Privacy notice
This notice explains what personal data ClubTitan handles, why, and the rights you have over it. We've written it to be read, not skimmed past — if anything is unclear, contact us and we'll explain it plainly.
Who we are
ClubTitan is operated by [to be confirmed before launch — registered company name and number], registered in [to be confirmed before launch]. Our ICO registration number is [to be confirmed before launch]. You can reach us about anything in this notice at [to be confirmed before launch — privacy contact email].
Two roles: your club's data, and our own
Most of the personal data on ClubTitan belongs to clubs, not to us. When a club uses ClubTitan to manage its members, the club decides what data is collected and why — the club is the data controller, and we process that data on the club's behalf and on its instructions.

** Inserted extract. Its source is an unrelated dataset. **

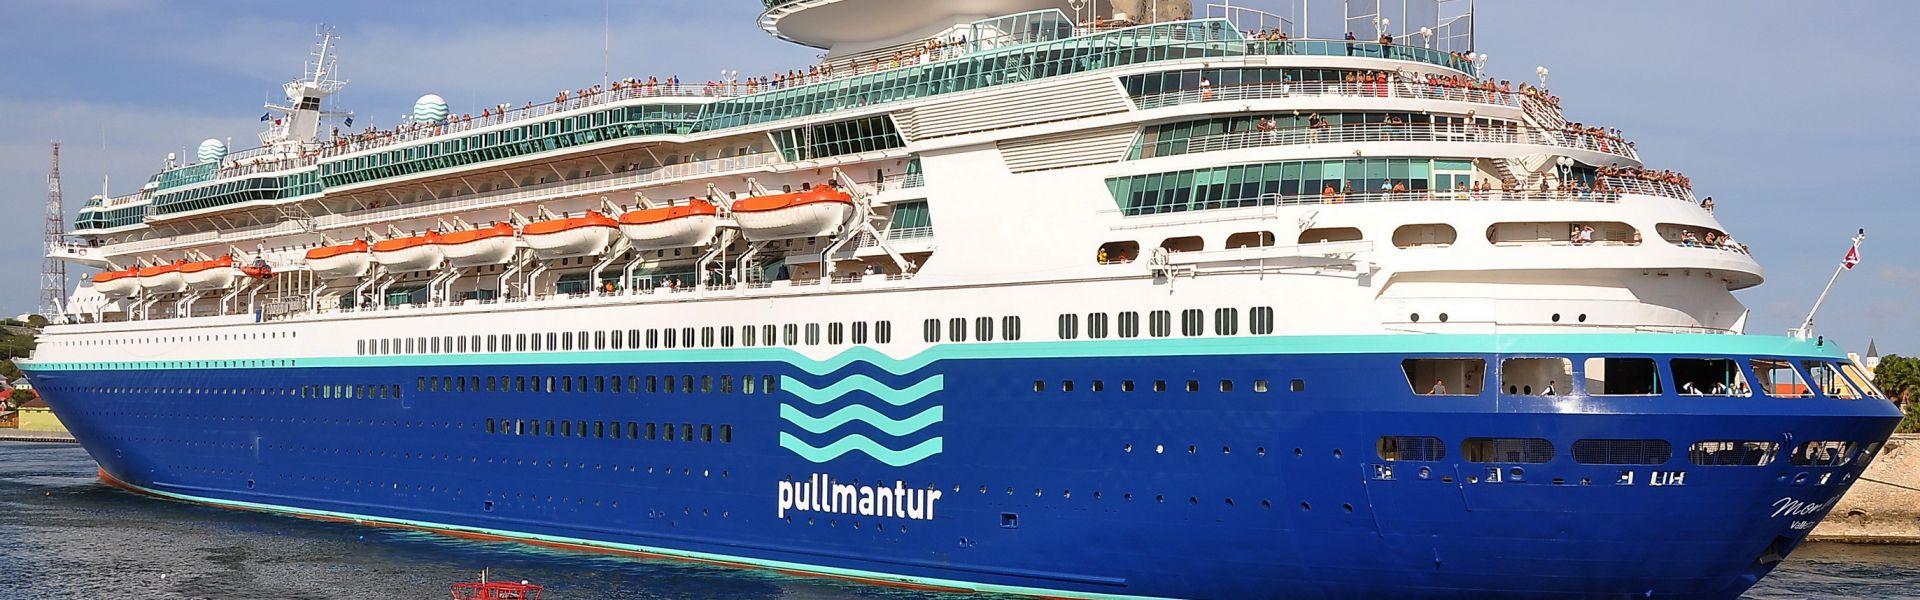 Croaziera 2017 - Europa de Vest (Lisabona) - Pullmantur Cruises - Monarch - 9 nopti

For a smaller set of data we are the controller ourselves: your ClubTitan account details (name, email, sign-in information), records we need to run and secure the service, and — only where the law allows — marketing communications about ClubTitan.
What we hold for clubs
- Member and team records: names, contact details, dates of birth, registrations.
- Guardian and family links — who is responsible for which child (see the children's section below).
- Consents the club records: photo consent, trips, medical information the club needs for duty of care — versioned, per person, withdrawable at any time.
- Payment records: what was owed and paid. Card details never touch our systems — payments are processed by Stripe, and money goes to the club's own Stripe account.
- Messages, availability responses, fixtures, results and club website content.
Children's data — built children-first
Around half the people at a grassroots club are under 18, so this is not fine print for us. A child's profile is owned and controlled by their guardian — a verified parent or guardian creates it, answers for it, and can withdraw any consent at any time. That boundary is enforced in the database itself, not just in the interface.
We follow the ICO's Age Appropriate Design Code (the Children's Code) by default:
- High-privacy settings by default — nothing about a child is public unless a guardian chooses it.
- No geolocation tracking of children.
- No nudge techniques designed to keep children on screens — recognition rewards what happens on the pitch, never app time.
- When a coach messages a young player, the guardians are automatically included — the platform cannot send a private adult-to-child message.
DBS and safeguarding checks
To help welfare officers track that coaches' checks are current, we store DBS certificate numbers and dates only — never the certificates or any supporting documents.
Marketing communications
We follow PECR. We only send marketing to people who have signed up for ClubTitan or asked to hear from us (the “soft opt-in”), and every marketing message contains a one-tap unsubscribe link that works without signing in. Unsubscribing takes effect immediately. Club-to-member marketing sent through the platform follows the same rules, with the same tokenised unsubscribe in every send.
Where your data goes
We use a small number of service providers to run the platform — hosting, database and payment processing (Stripe) — under contracts that bind them to protect your data. We do not sell personal data, and we never will. The full list of sub-processors will be published at [to be confirmed before launch].
How long we keep it
Club data is kept for as long as the club uses ClubTitan and instructs us to hold it. When a club leaves, it can export everything first; we then delete the club's data on a published schedule [retention periods to be confirmed before launch]. Account data is deleted when you delete your account, except the minimum we must keep to meet legal obligations.
Your rights
You can ask for a copy of your data, ask us to correct or delete it, object to or restrict processing, and take your data elsewhere. Export is built into the product — clubs and members can download their data in open formats at any time, without asking us. For anything else, including subject access requests, contact [to be confirmed before launch — privacy contact email]. Where we process data on a club's behalf, we'll pass your request to the club and help them answer it. You also have the right to complain to the Information Commissioner's Office (ico.org.uk).
Changes to this notice
If we change this notice in a way that matters, we'll tell clubs and members directly — not bury it. This draft was last updated in July 2026.